Spécificité des personnes atteintes de cancer face à l'emploi

Un cancer se caractérise par un développement anarchique et ininterrompu de cellules « anormales » dans l'organisme, qui peuvent migrer dans d'autres parties du corps. Cette pathologie varie beaucoup aussi bien dans ses expressions cliniques qu’en fonction de la localisation et du type de cancer.

L'incidence des cancers a été estimée en 2000 à 278 000, dont 58 % chez l'homme (rapport : évolution de l'incidence et de la mortalité par cancer de 1978 à 2000). Si les cancers représentent globalement la deuxième cause de mortalité en France derrière les affections cardiovasculaires, plus de la moitié des cancers sont guéris (3/4 chez l'enfant). C'est la première cause de mortalité chez l'homme (33,2 %) et la seconde chez la femme (23,4 %). Les cancers les plus fréquents sont par ordre de fréquence chez l'homme les cancers de la prostate, des voies aéro-digestives supérieures (VADS), du poumon, colo-rectaux et chez la femme les cancers du sein, colo-rectaux, de l'utérus, des poumons. 4 cancers sur 10 surviennent avant 65 ans.
Le pronostic des cancers est variable d'une localisation à l'autre, et pour une même localisation en fonction du stade au moment du diagnostic du cancer.

Les conséquences d’un cancer sur la vie quotidien et plus particulièrement dans le monde du travail.
Le retentissement du cancer sur la vie courante est variable selon le type de cancer, la localisation, la phase de la maladie et selon les traitements reçus.
D’une manière générale, les personnes atteintes d’un cancer sont concernées à divers degrés par :
- l’asthénie liée à la maladie, aux traitements, au retentissement psychologique. Une fatigabilité persiste souvent alors même que le traitement est terminé.
- la douleur induite par la maladie et/ou les traitements.
- la modification de l’image corporelle (peau sèche, alopécie, pâleur cutanée, amaigrissement, conséquences mutilantes de la chirurgie….). 
- les conséquences psychologiques liées à l’annonce de la maladie, à la durée de la maladie, au pronostic. L’absence de prévision à moyen terme de l’évolution et du traitement est source d’angoisses, en particulier lors des bilans.

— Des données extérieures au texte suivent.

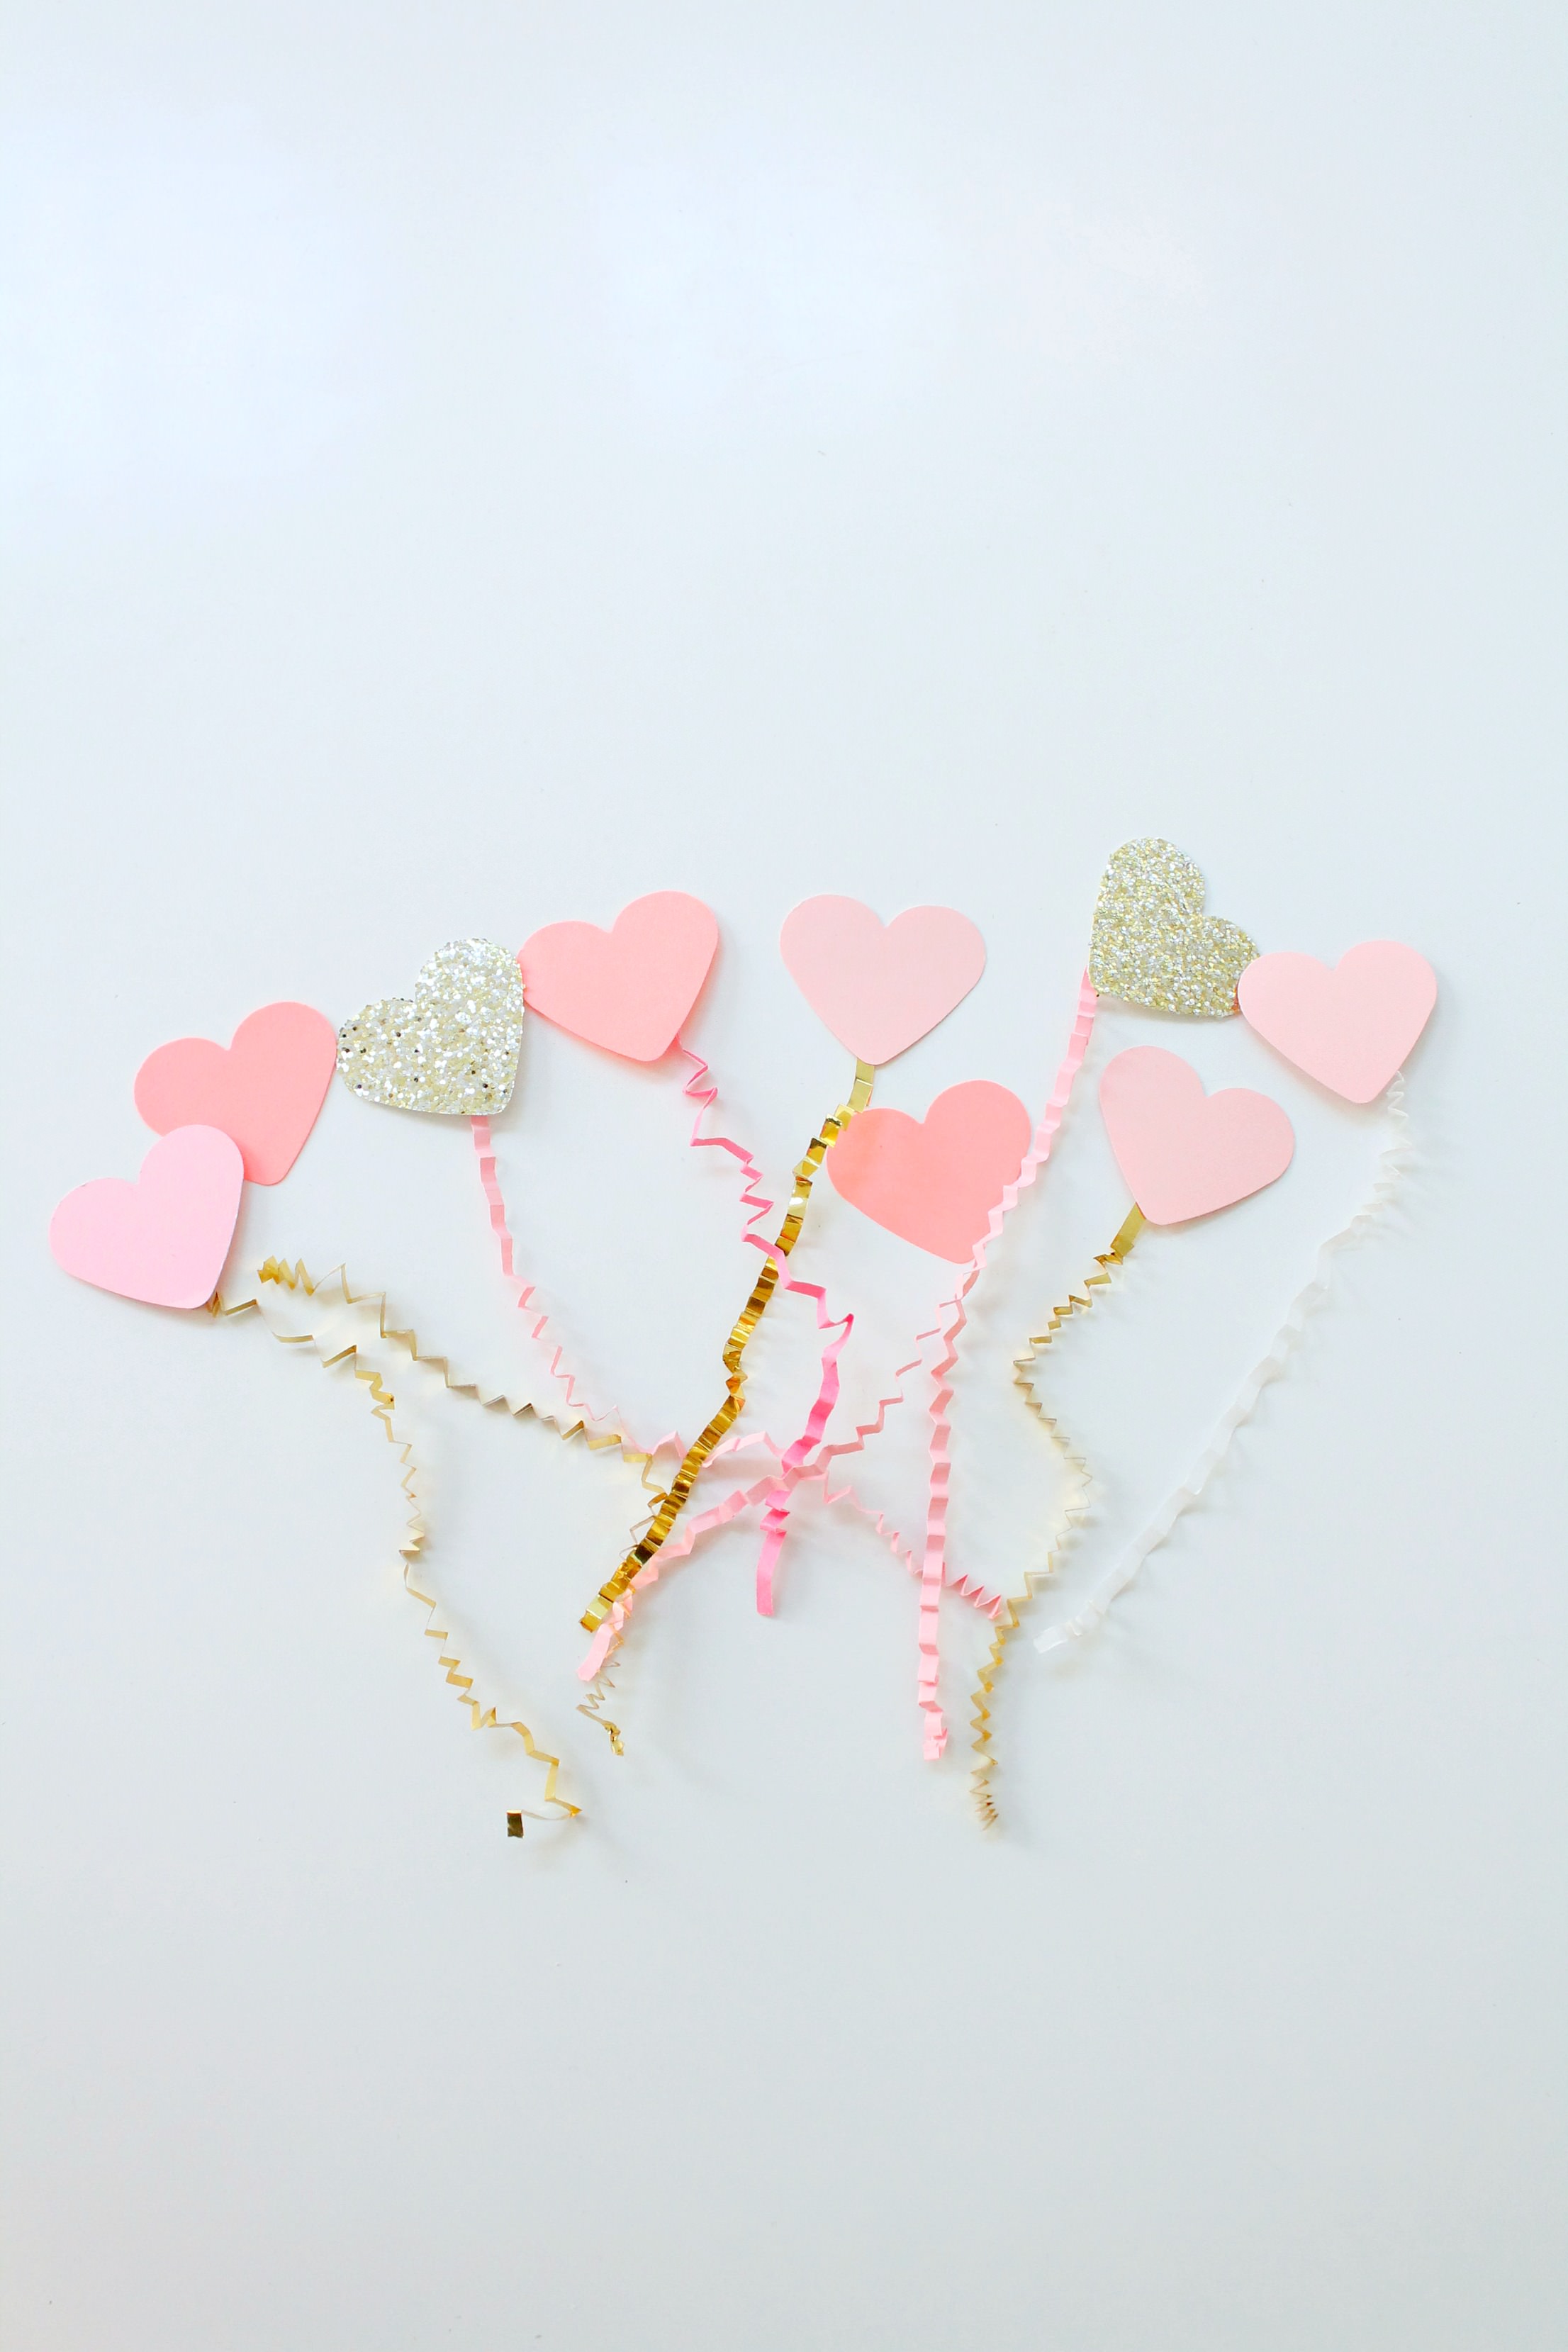 Paper-heart-balloons-designed-by-Geraldine-Tan-of-Little-Big-Bell-blog
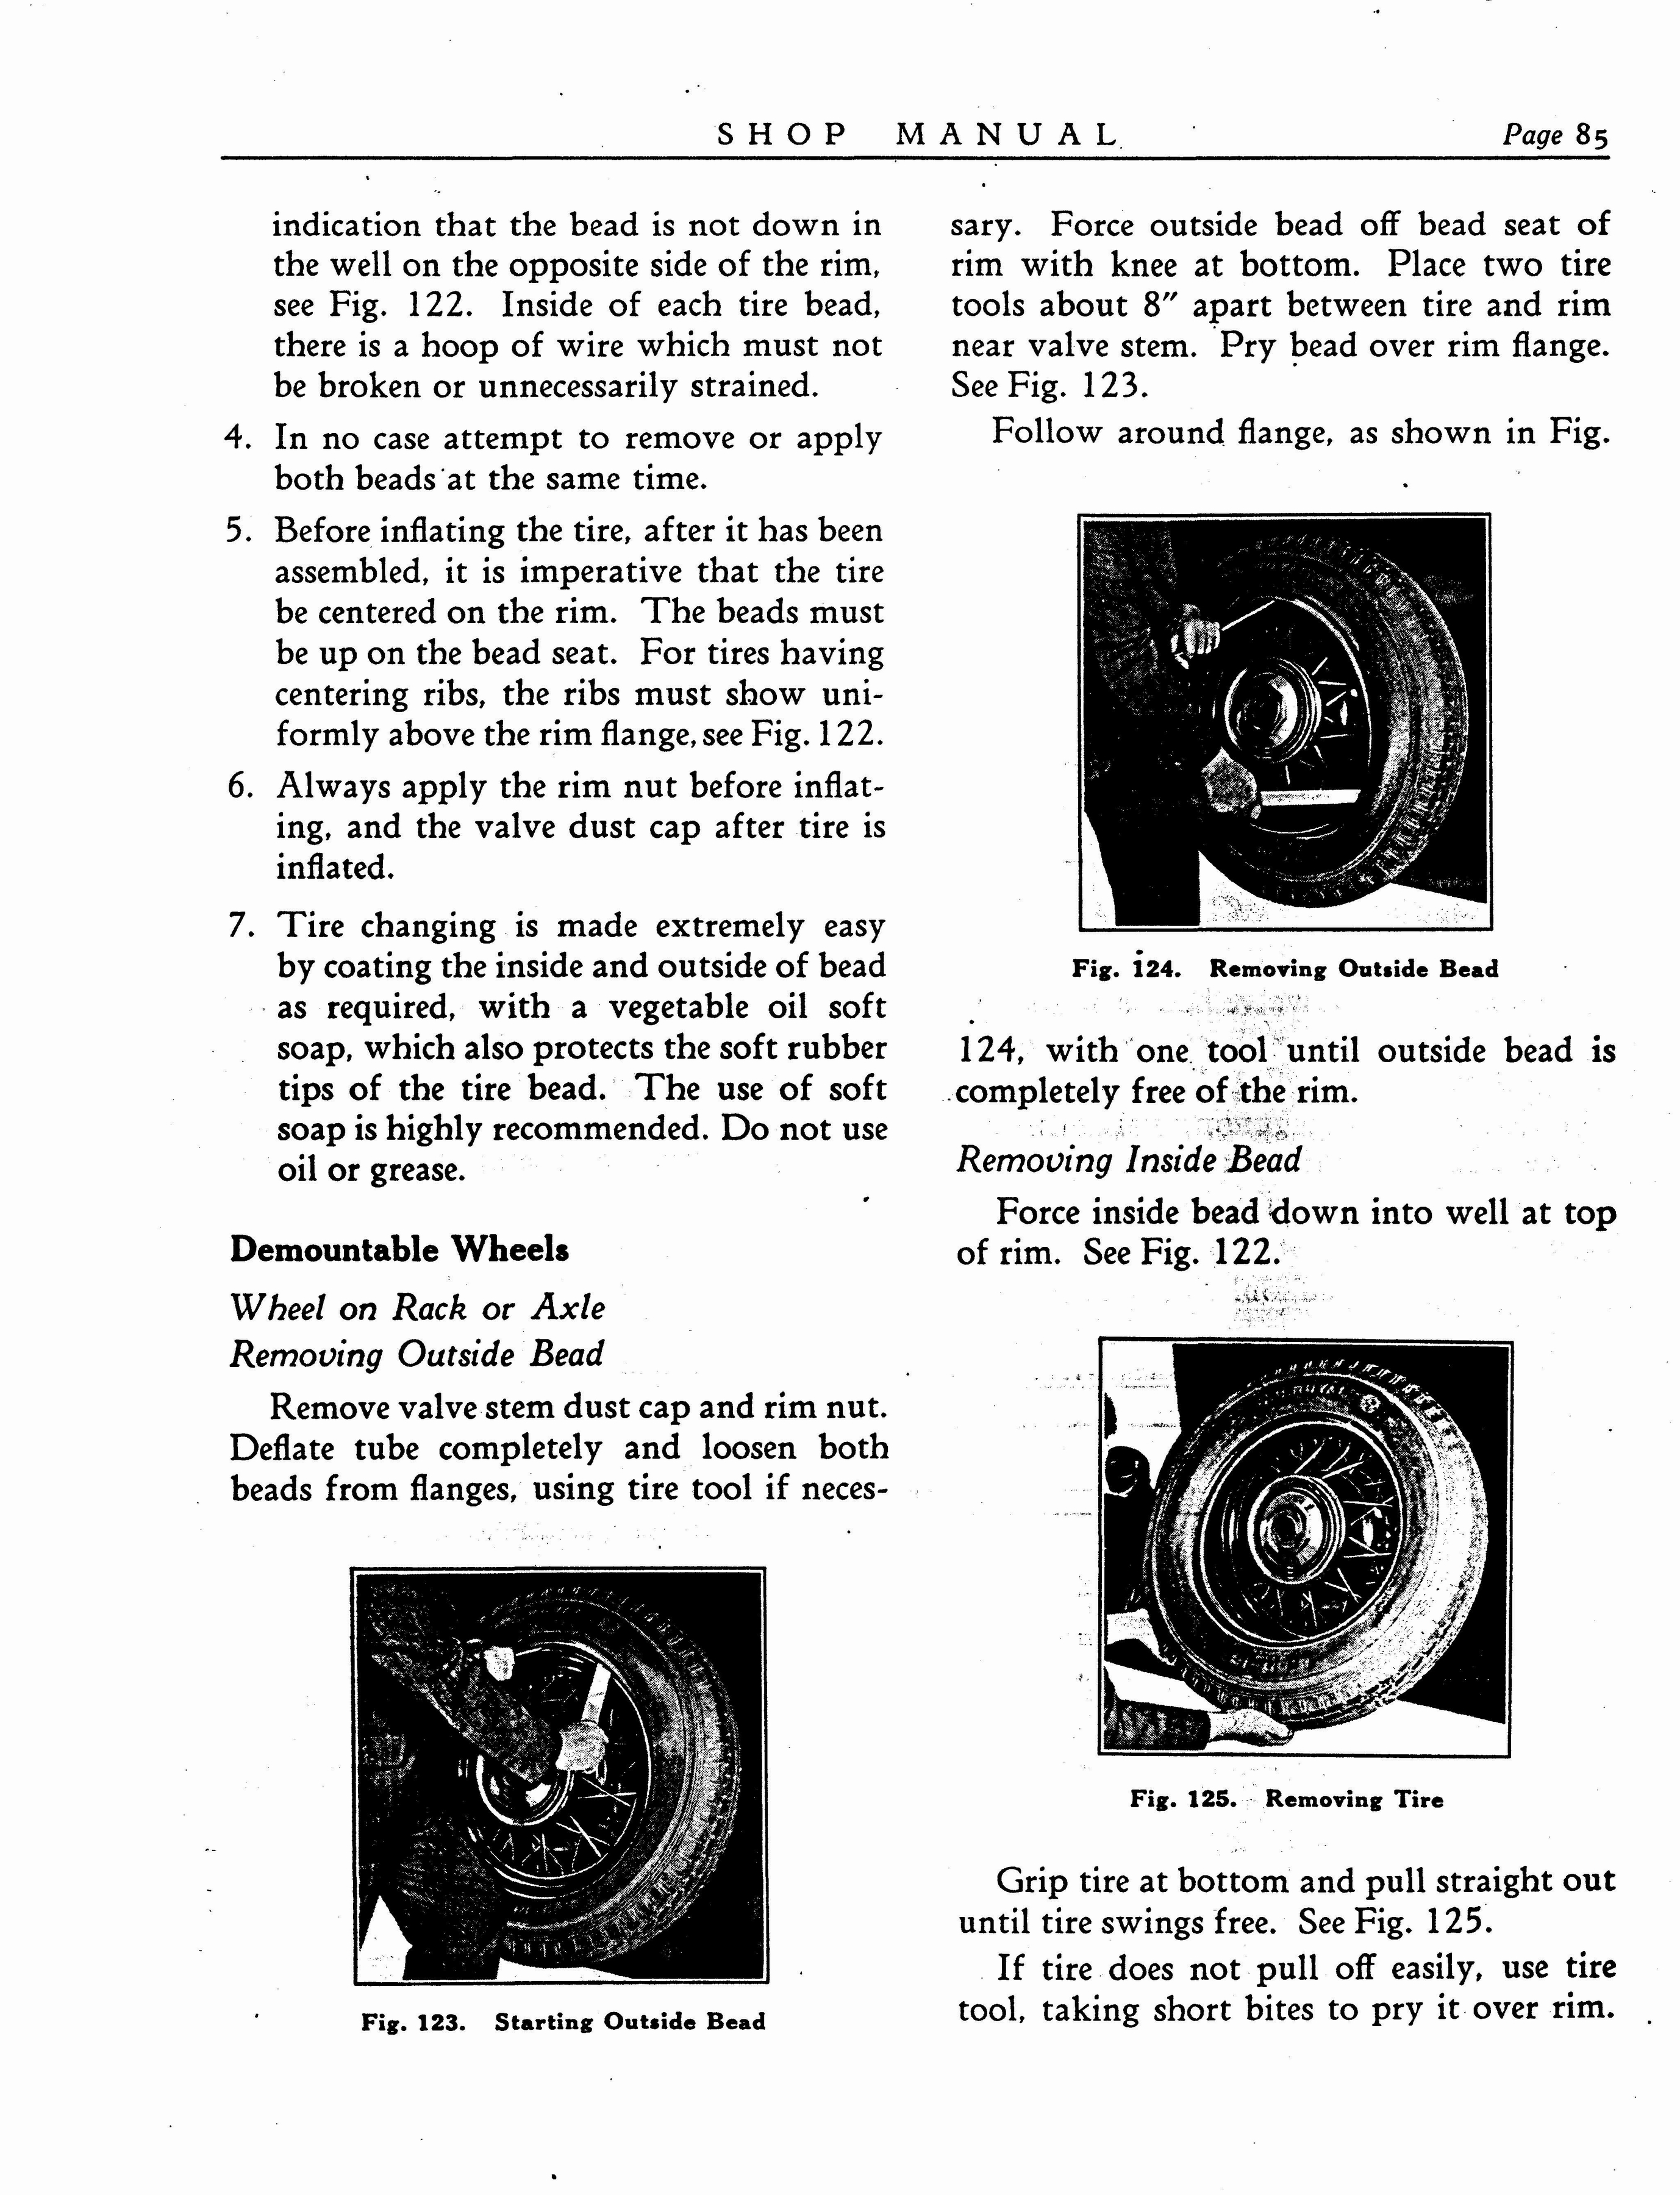 n_1933 Buick Shop Manual_Page_086.jpg

On peut observer une anxiété, des troubles du sommeil, de la mémoire et de la concentration, un syndrome dépressif, parfois même alors que le cancer est guéri. 
-  d’autres conséquences sont possibles : troubles sexuels, troubles digestifs, ostéo-articulaires, cardiologiques…
-  les traitements, entraînent par eux même des effets secondaires et des séquelles comme c’est le cas avec la chirurgie (amputation osseuse, des cordes vocales, sein… ; douleurs, inflammation, rétraction, colostomie, lymphoedèmes).

Un risque de précarisation :
Comme toute pathologie dite chronique elle entraine des traitements lourds et coûteux. Le cancer peut conduire rapidement à une précarisation avec une diminution des revenus voire à une perte d’emploi, particulièrement pour les artisans, agriculteurs ou chefs de PME-PMI mais éagelement les personnes en début de carrière ou en temps partiel . Les couvertures sociales sont fonction de la situation professionnelle et si la personne n’a pas cotisé volontairement à une assurance supplémentaire, telle que la garantie homme. Or peu de personnes connaissent ce type de garantie et un grand nombre n’a pas les moyens de les financer.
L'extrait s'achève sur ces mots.